### Data block

◆ ◆ ◆

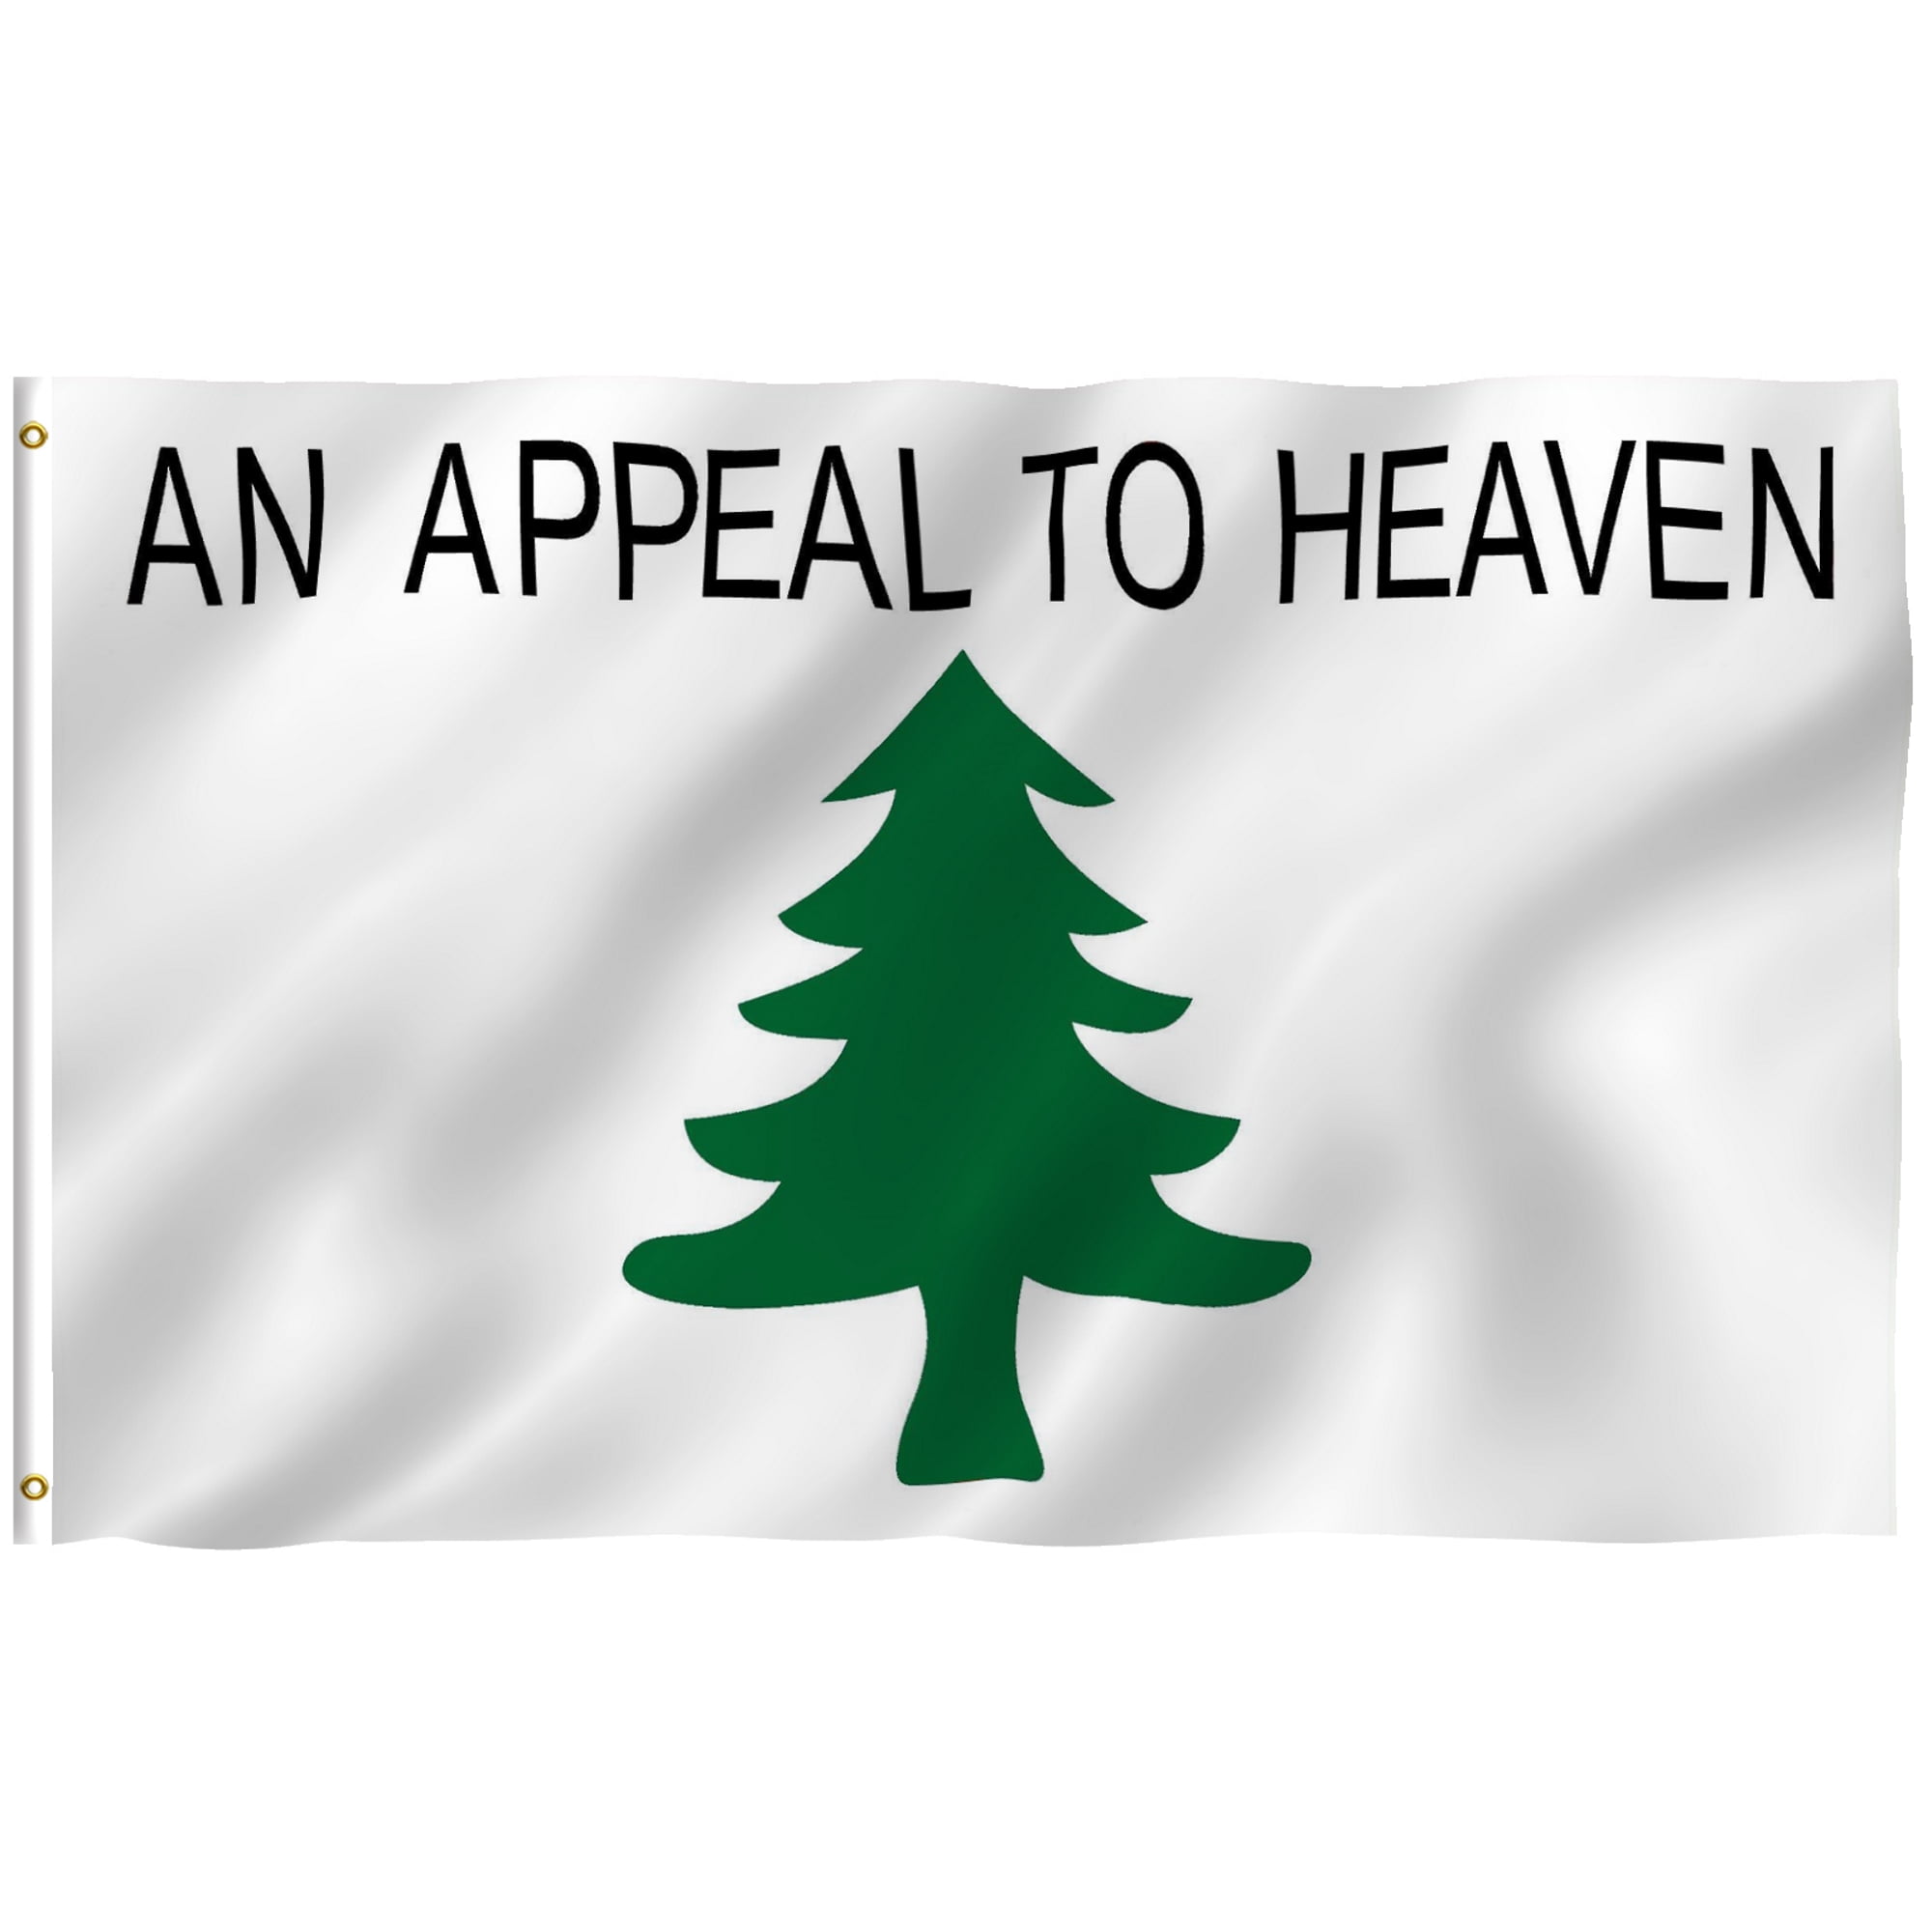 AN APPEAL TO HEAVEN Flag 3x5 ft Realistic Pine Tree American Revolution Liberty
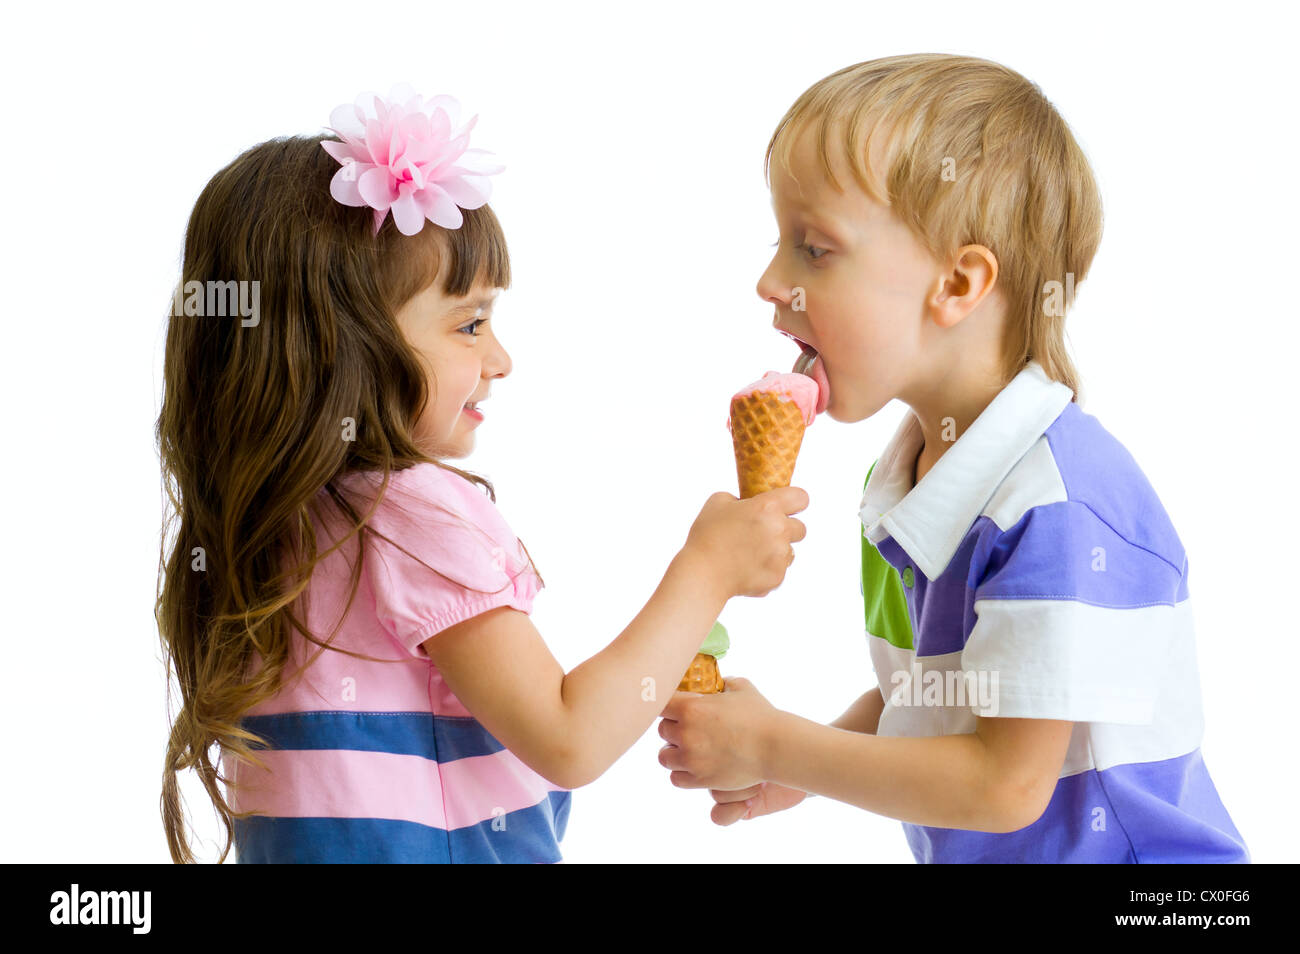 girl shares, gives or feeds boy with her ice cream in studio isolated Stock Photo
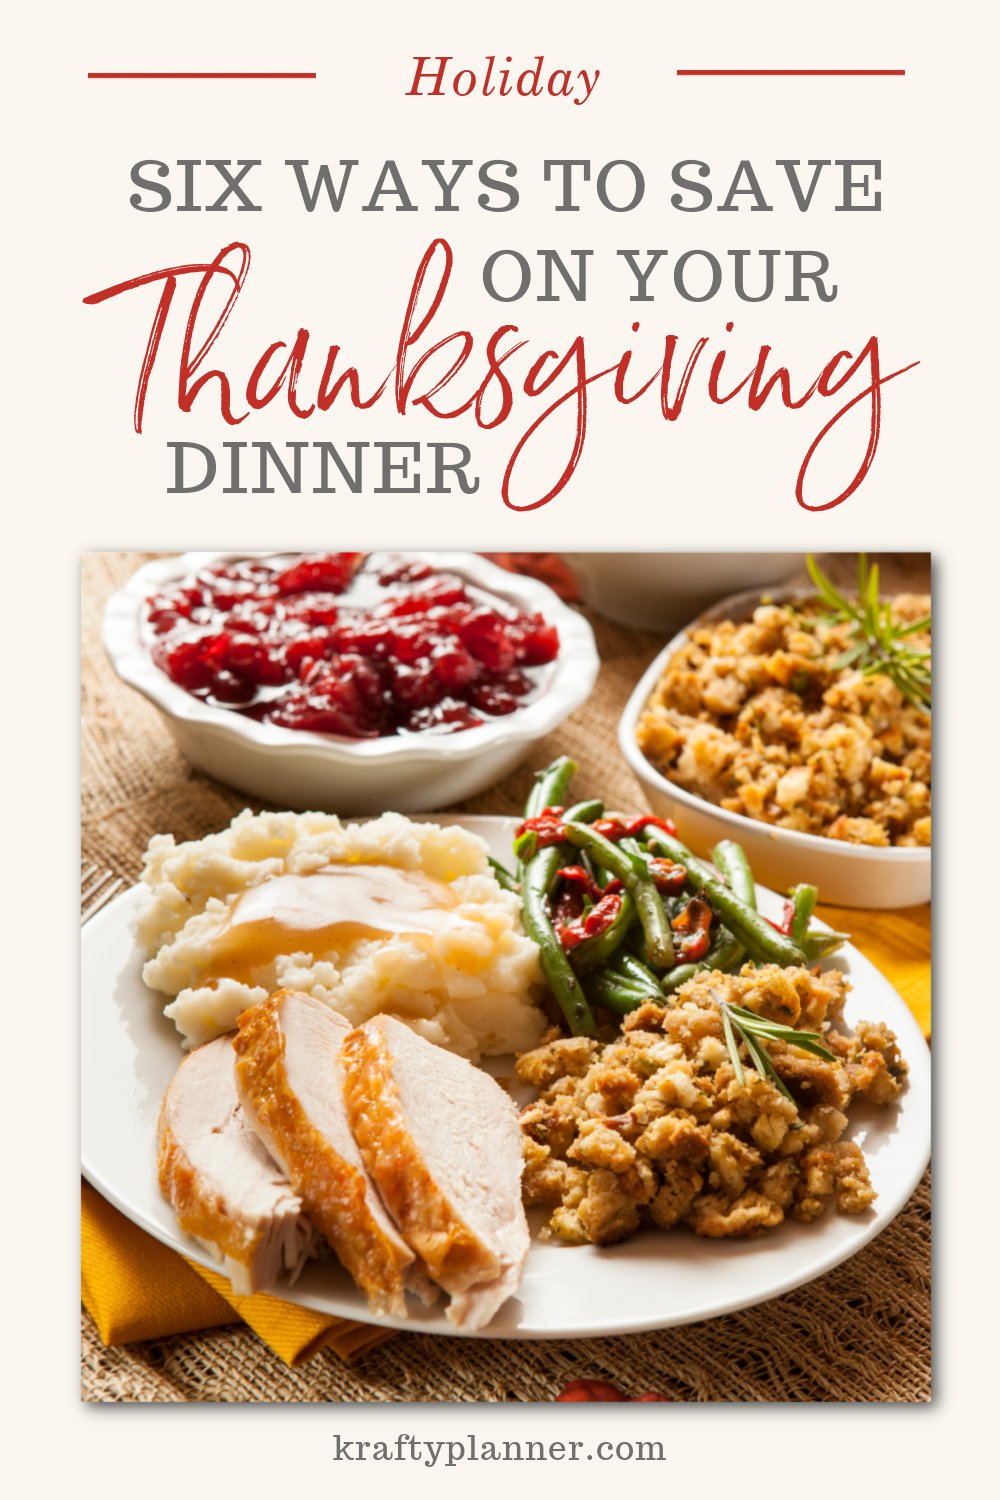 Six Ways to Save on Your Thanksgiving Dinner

◆ ◆ ◆

### What to do
All lines from the one holding "girl shares, gives" through the last line of the material above should be set down exactly, and the pictures should be left out.

### Solution to the exercise
 girl shares, gives or feeds boy with her ice cream in studio isolated Stock Photo
 Six Ways to Save on Your Thanksgiving Dinner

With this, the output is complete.